How I became a National Geographic photographer: Keith Ladzinski
The Colorado-raised adventurer, who went from skateboarder to computer programmer to extreme sports and natural history photographer, shares environmental message through stunning images of Antarctica
Going wild I was born in New York in 1976 but moved to Colorado when I was very young. My parents had met in high school in New Jersey – my Dad had grown up there but my Mum was originally from Glasgow, in Scotland.
They moved to Colorado because they wanted us to have different opportunities. They embraced the outdoors there – we did a lot of camping and fishing. The American state is a hub of rock climbing and that sport would go on to change my life in so many ways.
Photo op Skateboarding was my first love. I knew there was no career in it but I didn’t know what else I wanted to do. When my older brother, Scott, brought home a camera one summer and suggested we take photographs of one another skateboarding he incidentally gave me some direction.
Three or four months after that day I received a tax-return cheque for a couple of hundred dollars and with it I bought my first camera – a Pentax K1000 – from a pawnshop.
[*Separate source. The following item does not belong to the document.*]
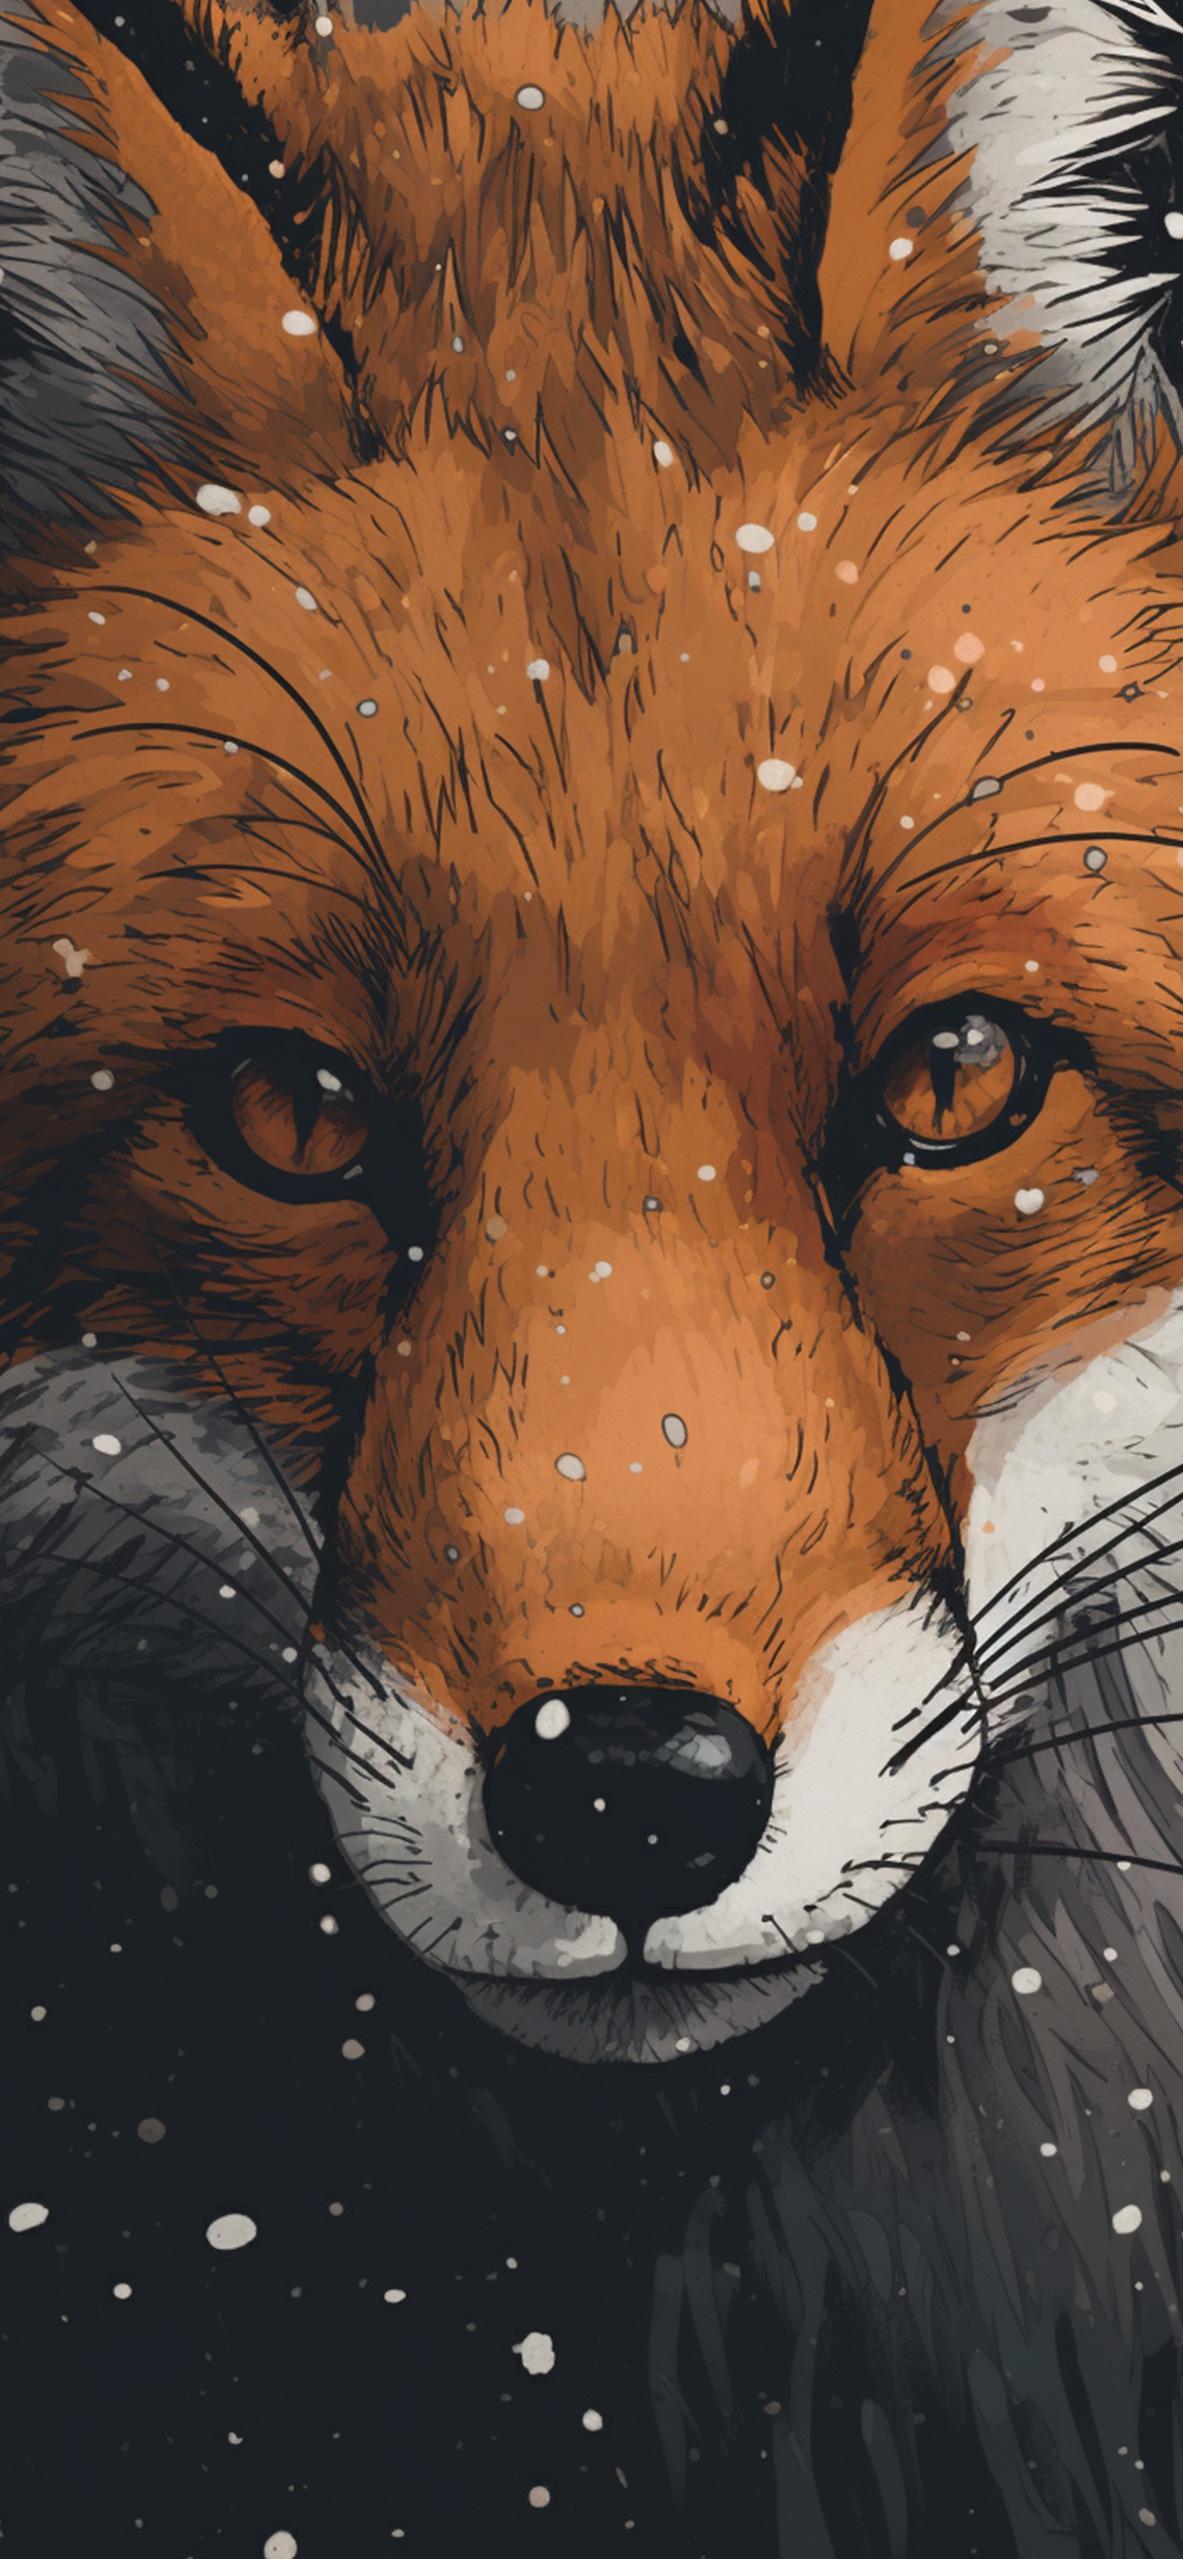 Fox Snow Art Wallpaper Aesthetic For iPhone

I had also started taking photographs and contributing to small skateboarding and tourism publications on the side, and I knew that what I really wanted to be was a professional photographer
Cracking the code After graduating from high school and taking a few years off, I ended up taking an entry-level position at (information-technology company) Hewlett-Packard. It was during the dotcom boom and I found myself writing HTML (a programming language).